CANADA FX DEBT-C$ edges lower ahead of BoC rate announcement
By Jennifer Kwan
TORONTO, June 4 (Reuters) - The Canadian dollar was lower against the greenback on Thursday morning, ahead of the Bank of Canada rate announcement as investors awaited any statements about the currency's recent rally.
The rate decision itself is seen as a "non-event" since the central bank has said it plans to leave interest rates low, currently at 0.25 percent, until next year, said George Davis, chief technical strategist RBC Capital Markets.
But market watchers are anticipating the bank will address the currency's surge -- in May alone it rose a massive 9.3 percent -- as well as offer further guidance on its framework for unconventional policy. [ID:nN02506478]
"I think the concern the Bank of Canada might have is an excessively strong currency may serve as a headwind in terms of any pending economic recovery," said Davis.
"If the Bank of Canada does hint that the currency is serving as a bit of a hindrance to a recovery scenario then we're likely to see some position squaring, people getting out of their long Canadian dollar positions."
If they don't say anything, Davis said he would expect the currency to rally further, especially given that equity markets largely stabilized overnight and commodity markets are higher.
The price of oil CLc1 staged a comeback above $67 a barrel after a sharp drop in the previous session, boosted by increased oil price forecasts from U.S. investment bank Goldman Sachs (GS.N: Quote).
At 8:00 a.m. (1200 GMT), the Canadian currency was at C$1.1151 to the U.S. dollar, or 89.68 U.S. cents, down from Wednesday's session close at C$1.1084 to the U.S. dollar, or 90.22 U.S. cents.

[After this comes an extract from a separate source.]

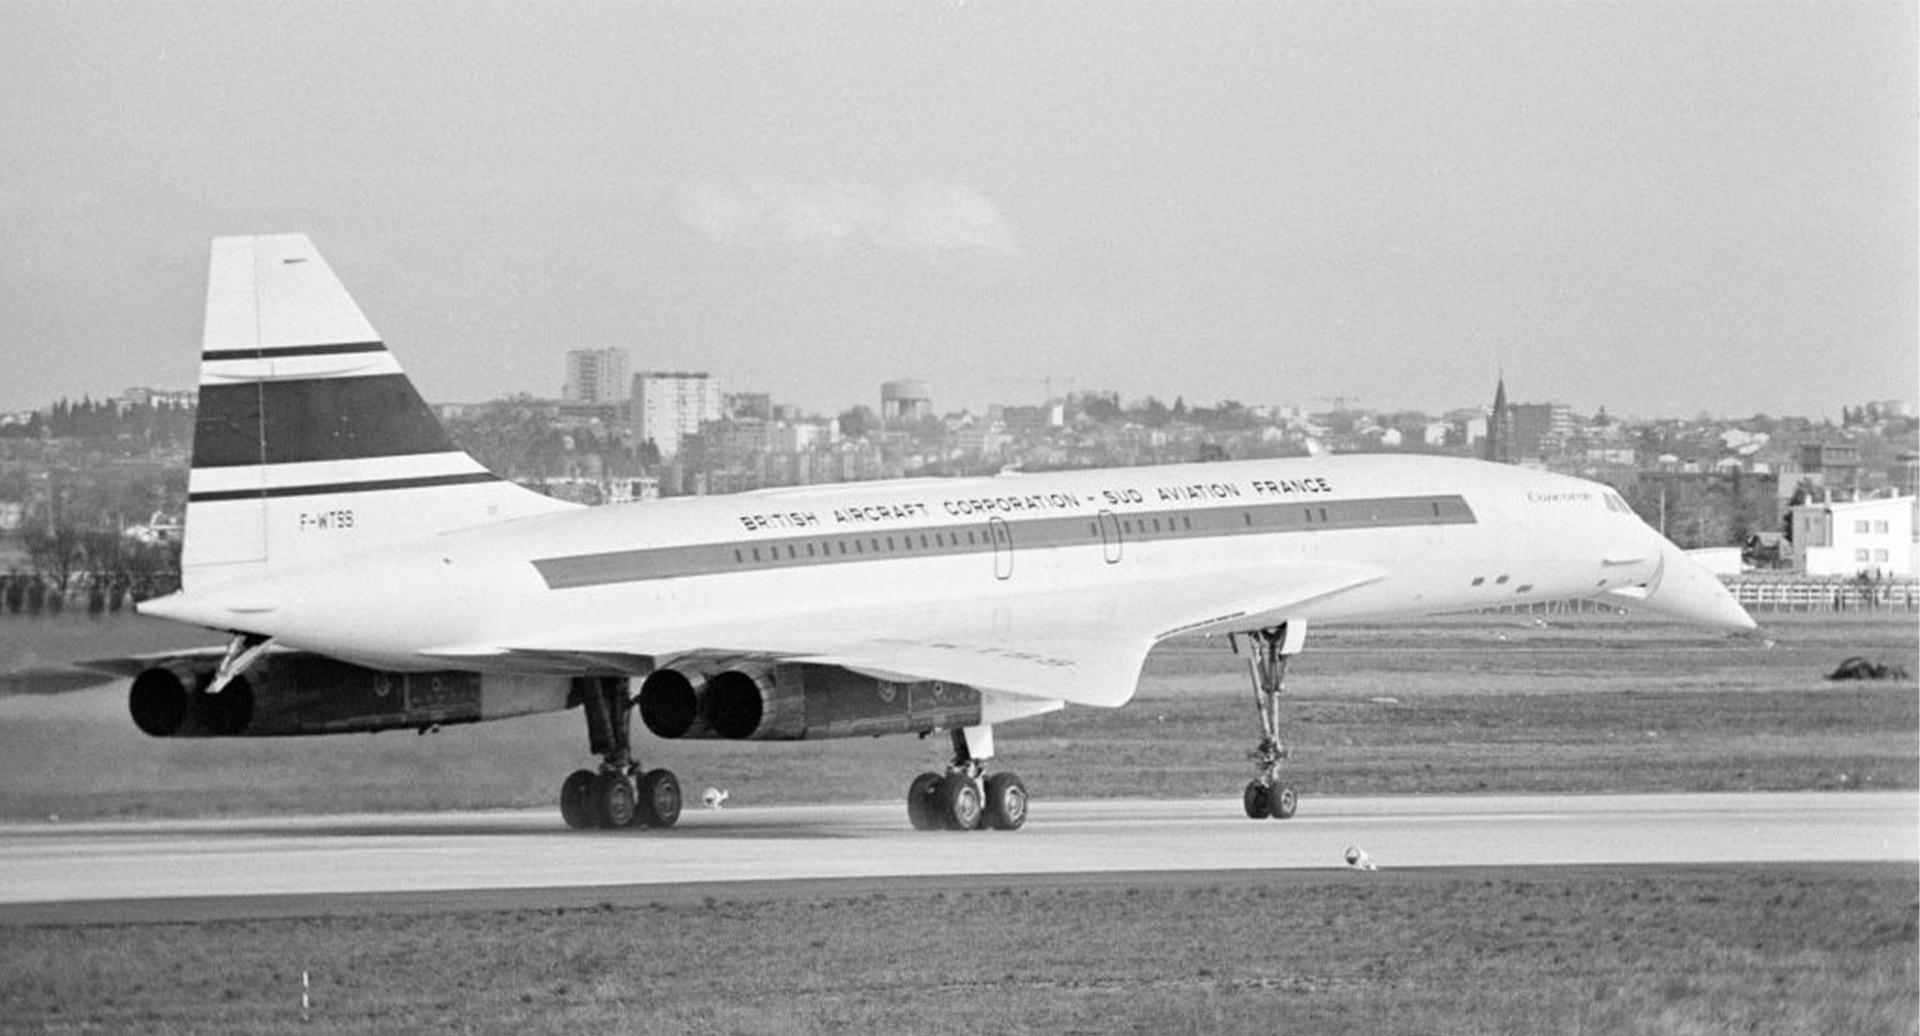 El prototipo del Concorde 001 vuela por primera vez en el aeropuerto de Toulouse, en Francia, el 2 de marzo de 1969.
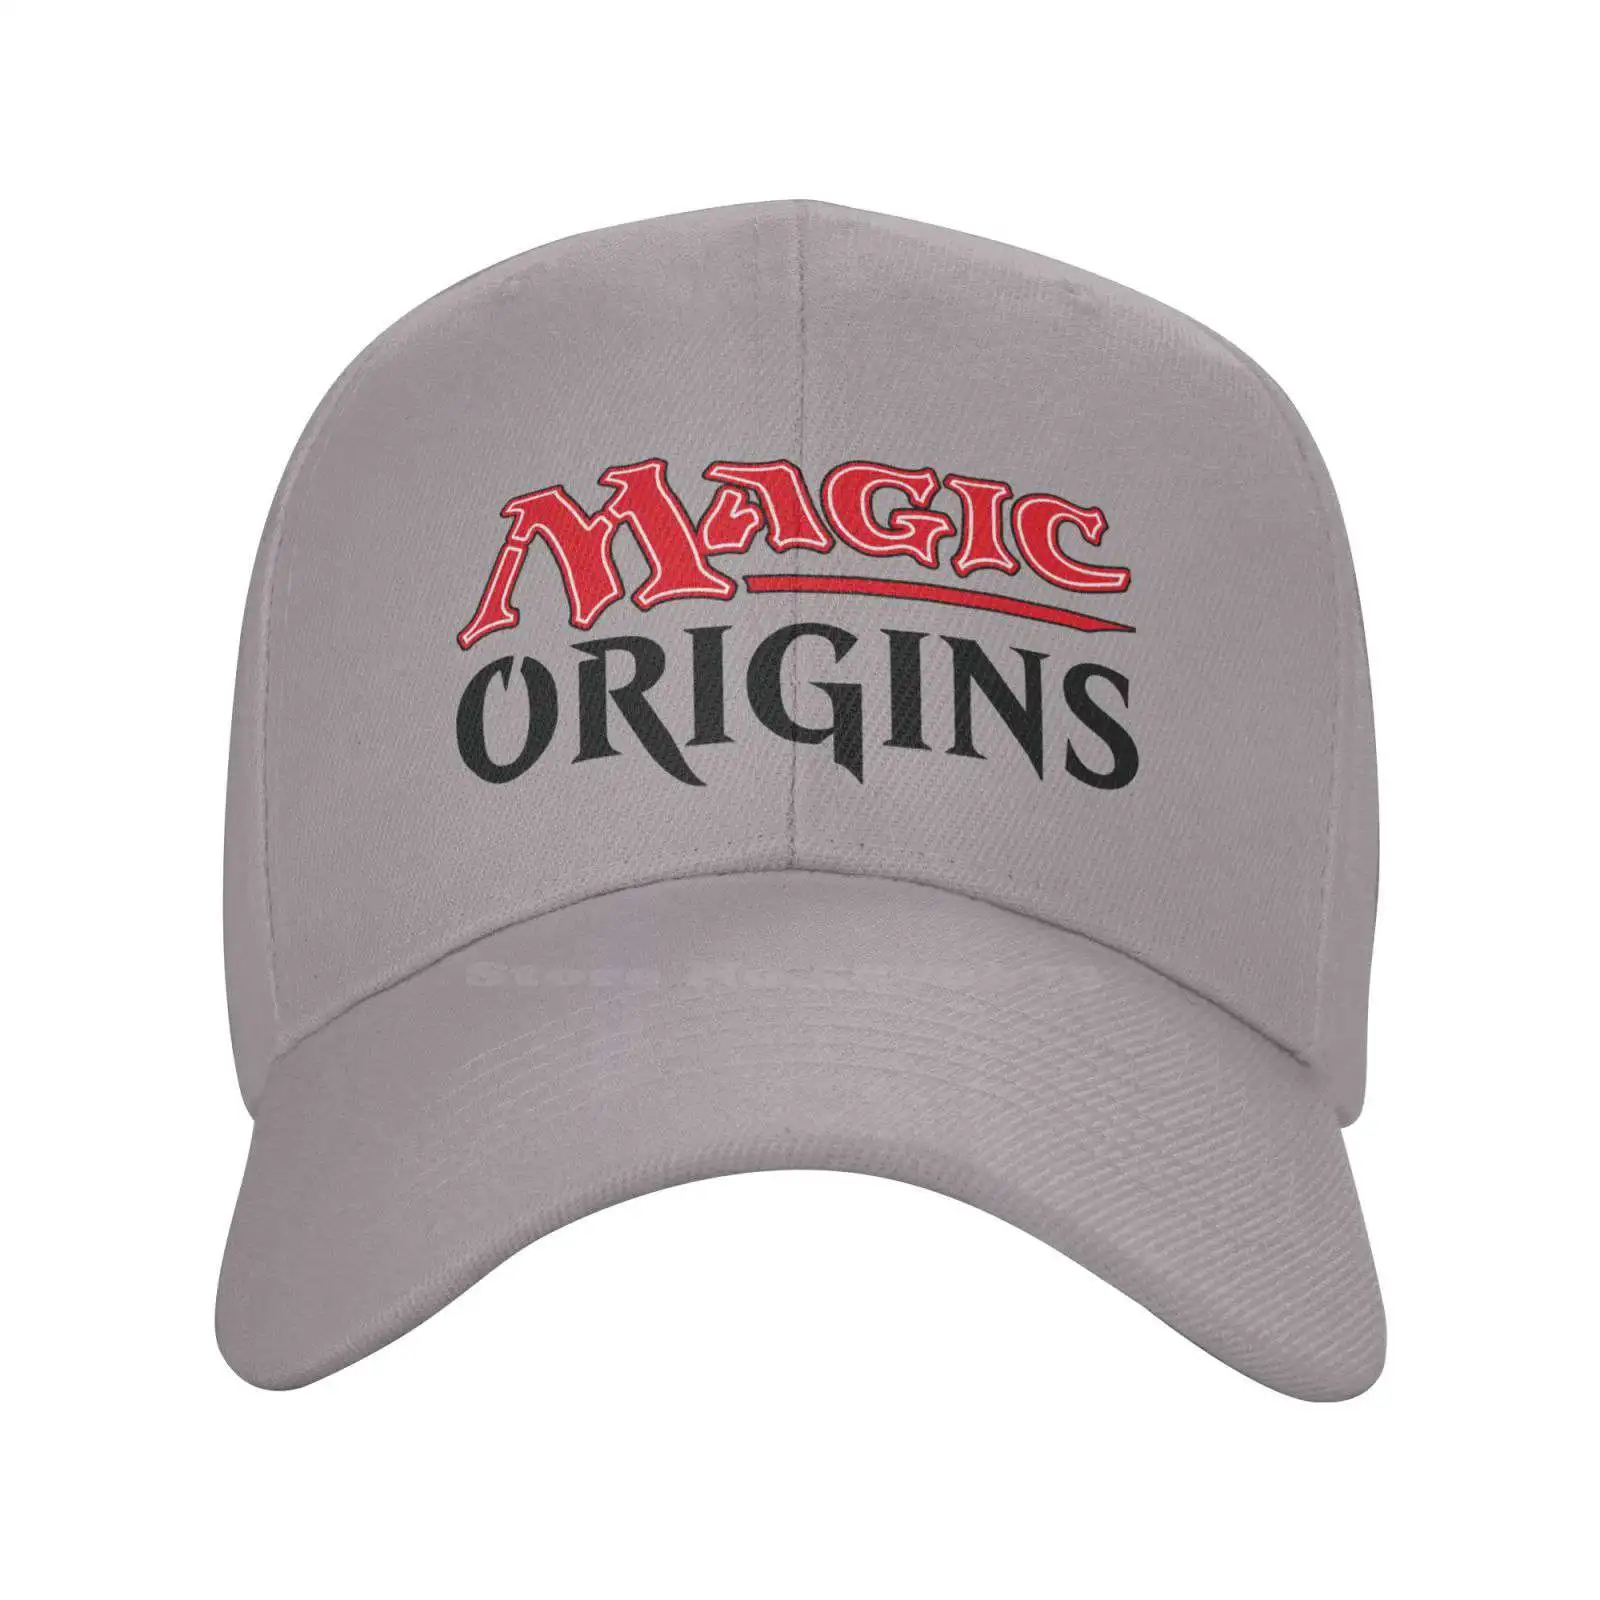 

Повседневная джинсовая бейсбольная кепка Magic origin с графическим логотипом

Overnight, the unit gained as much as C$1.1020 to the U.S. dollar, or 90.74 U.S. cents.
BONDS MOSTLY LOWER
Canadian bond prices were mostly lower across the curve, as Toronto followed U.S. Treasuries lower on lingering concerns about a spike in government debt issuance. [ID:nL4611253]
The benchmark two-year government bond was unchanged at C$100.18 to yield 1.158 percent, while the 10-year bond fell 20 Canadian cents to C$103.30 to yield 3.358 percent.